If you're able to affordably prove any correctness property of any real-world program, this knowledge is worth billions. I am not aware of anyone who's ever made a similar claim.
> I'd argue that we already do huge amounts of program verification with deductive proofs - that is, typechecking - many orders of magnitude more code is typechecked than has any other formal method applied - and the frontier of progress is how much we can represent important program properties within that.
But the properties proven are easy. It's like saying, I can jump 50cm, so jumping all the way to the moon is just a matter of degree. No. There are real, fundamental, theoretical barriers between proving compositional properties and non-compositional ones (or those that require one or two inferences and ones that are more); between proving properties with zero or one quantifier, and properties with two quantifiers.
Also, while you can be pleased with Haskell's formal accomplishments, have you compared them to those of model checking in safety-critical real-time systems? Because once you do, you realize it doesn't look so good in comparison.
And your comparison of Haskell and Java is particularly interesting. You say that Haskell's type systems is "streets ahead". I agree (although I think this comes at a great cost). However, Haskell correctness or development cost is not "streets ahead" or even noticeably ahead. This shows that strengthening some deductive property is no guarantee to improving quality. Why? Because software correctness is very complicated. Its theory is complicated, and its practice is even more complicated.

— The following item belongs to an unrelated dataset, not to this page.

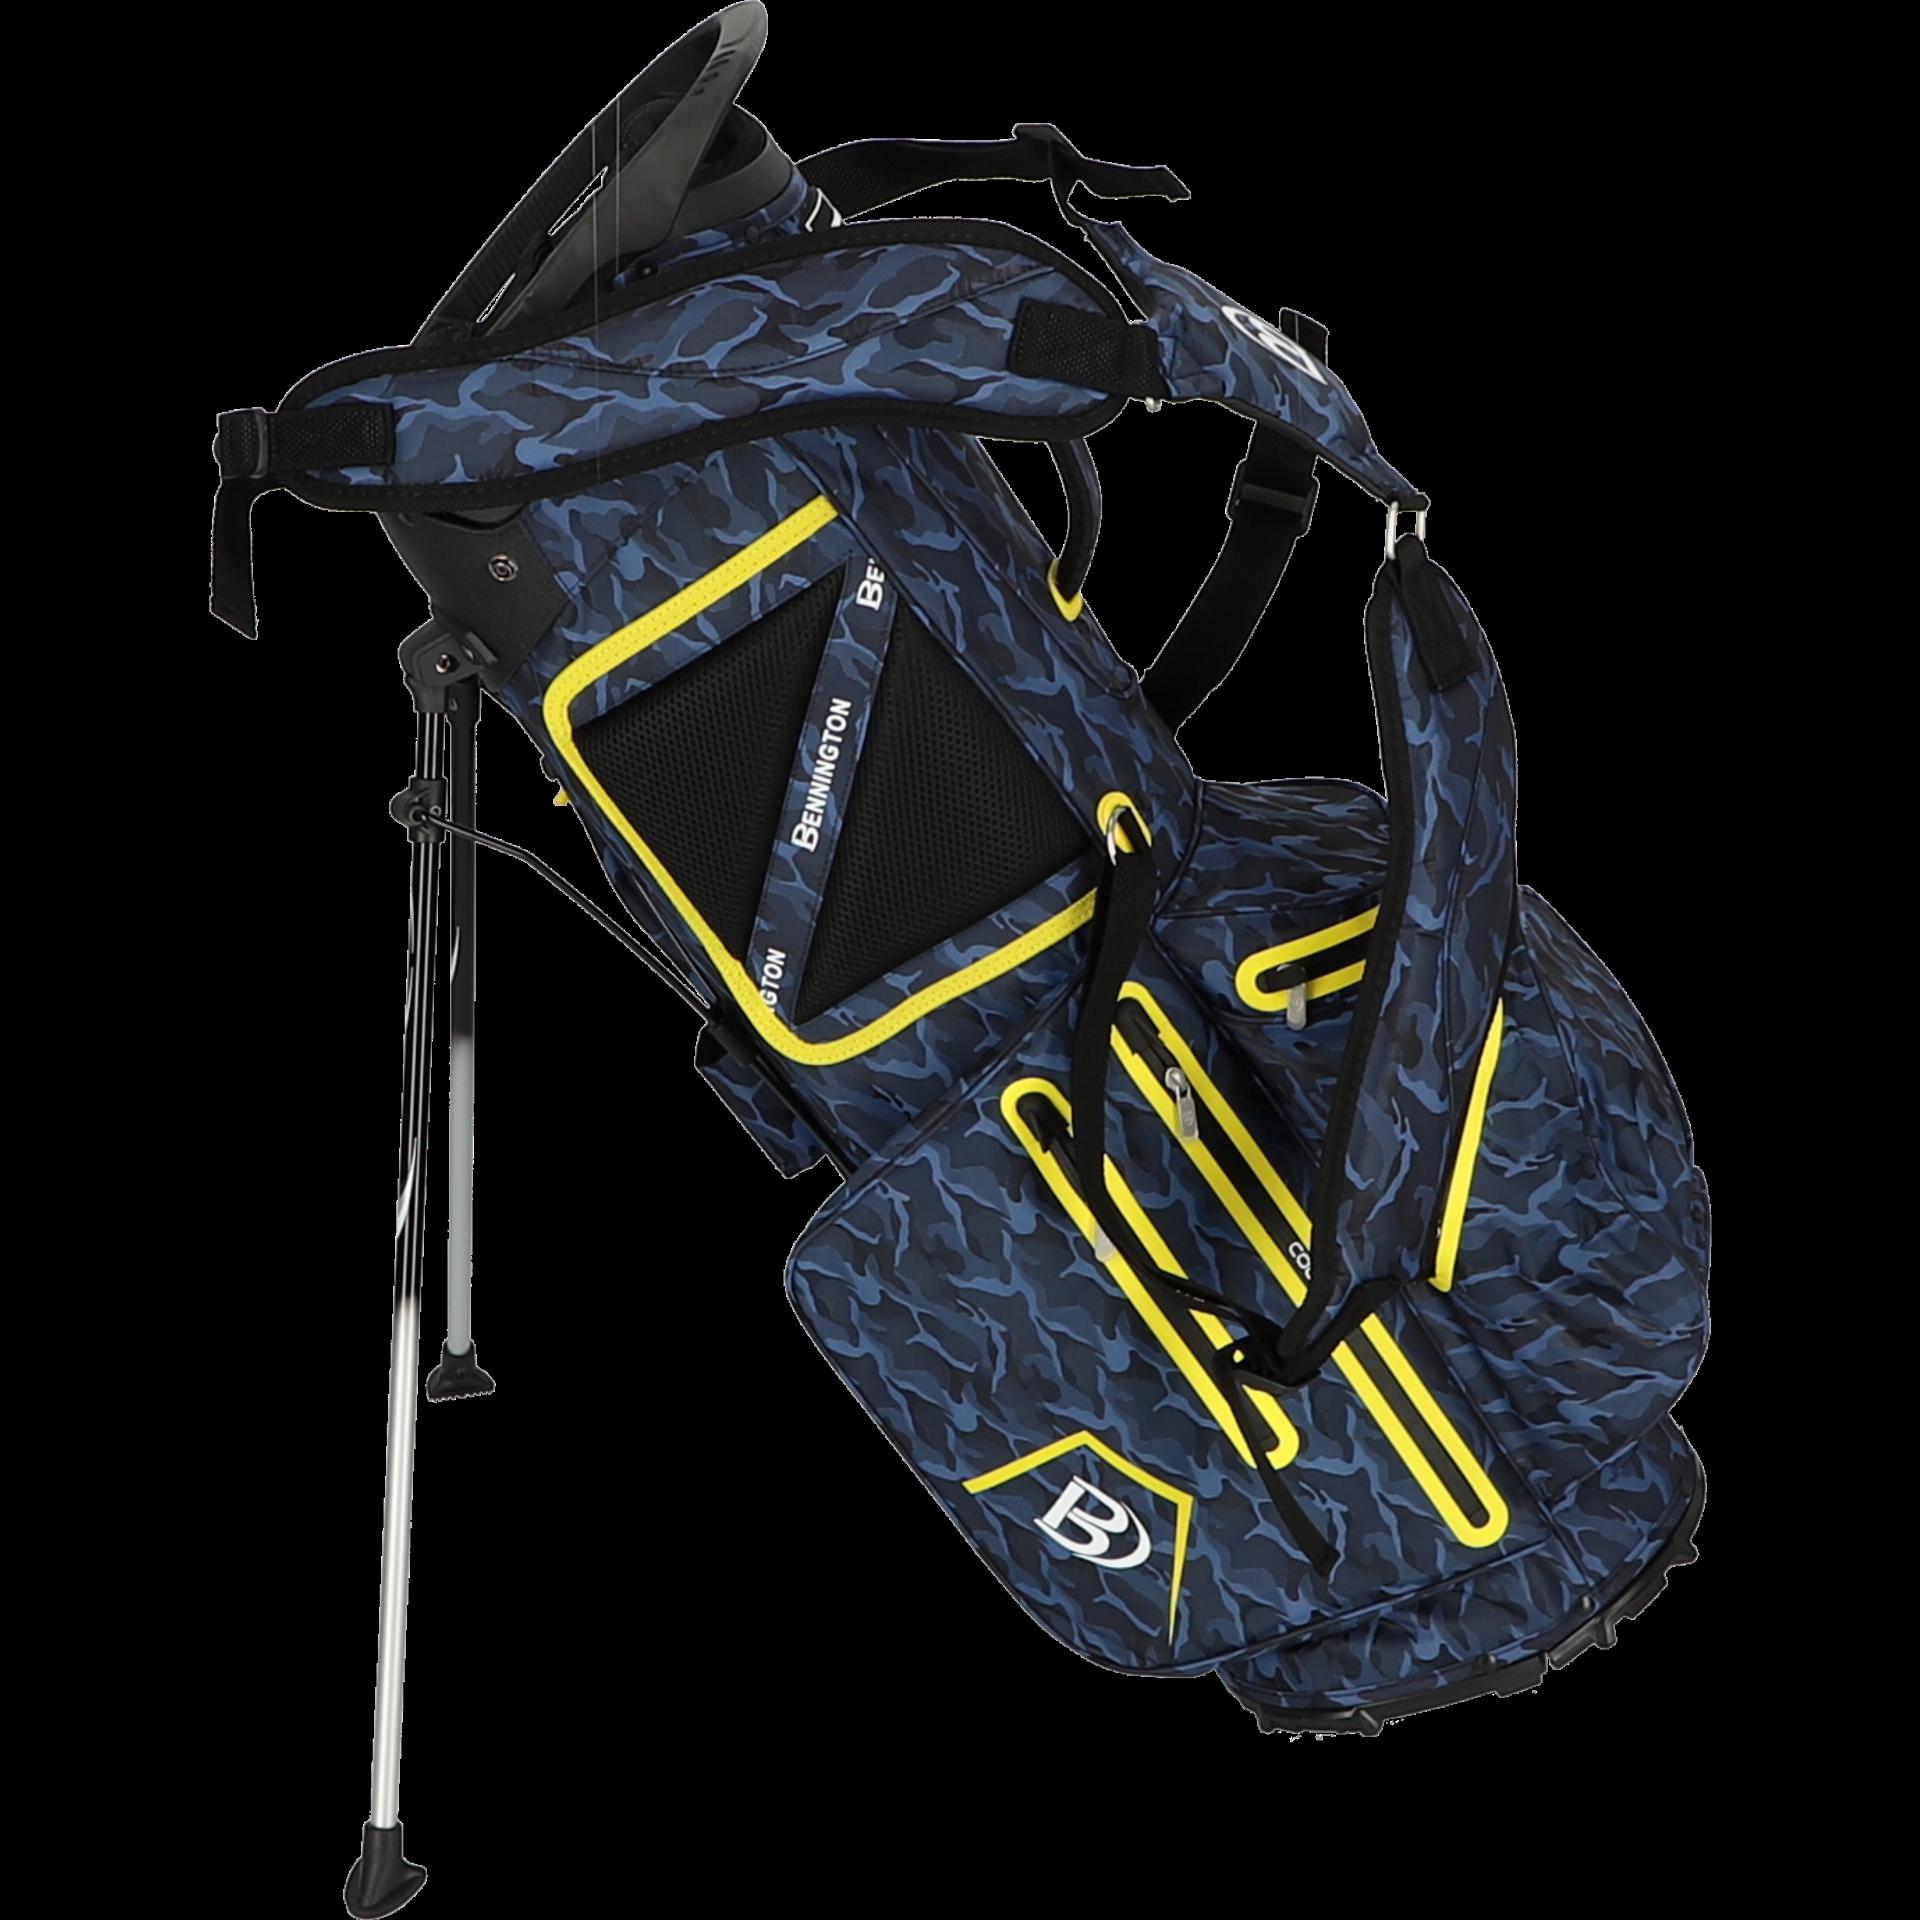 Zone 14 Waterproof Standbag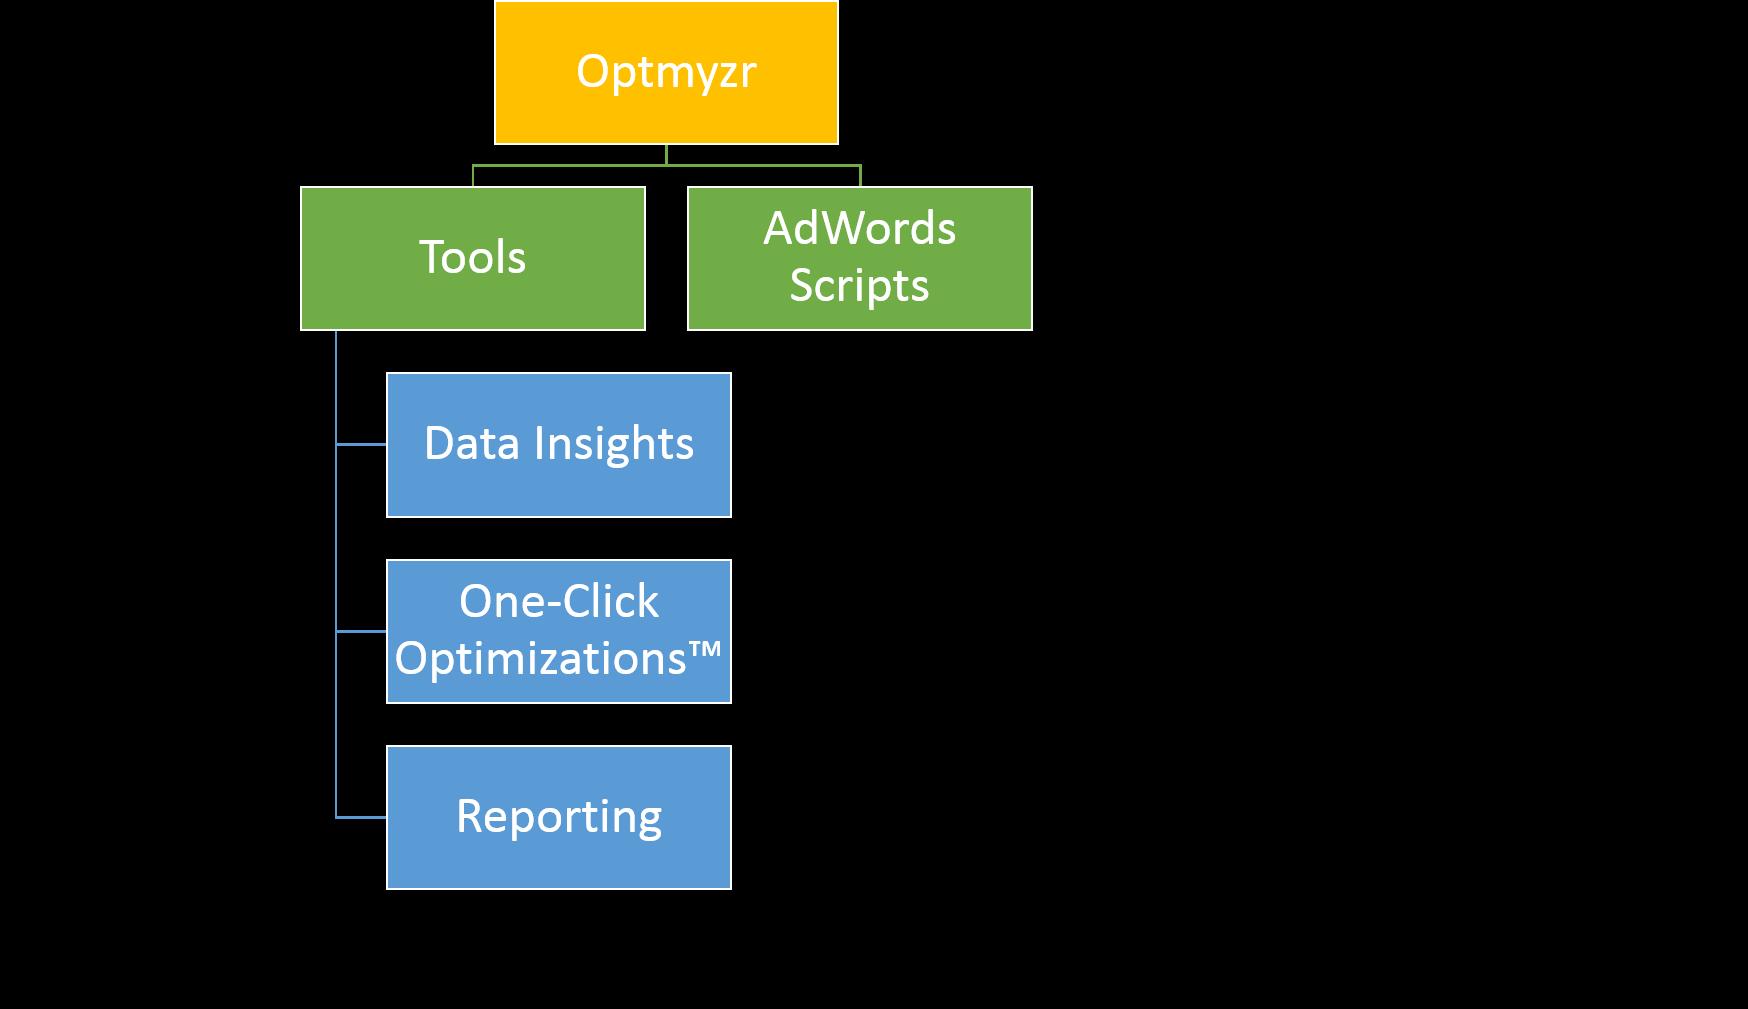 Optmyzr Tools

> I don't see that using types forces anything any more than any other approach to specification
I think depdedent types are just redundant. You can get all or most of what give you without the inflexibility and the bad default using other means.
But look, I'm personally not too fond of dependent types in particular and deductive proofs in general, and consider them something you use when all else fails, and you have the money to spare. Others can be as bearish on model checking or concolic testing, paths that I think are more promising and I believe are seeing a bigger research investments. But what is certain is that no one has any idea whether we will find a way to drastically increase software correctness in the next twenty years, let alone which method will get us there. The one thing you can be sure of anyone who tells you they do is that they are simply unfamiliar with the different avenues explored or with many of the challenges involved (including social challenges).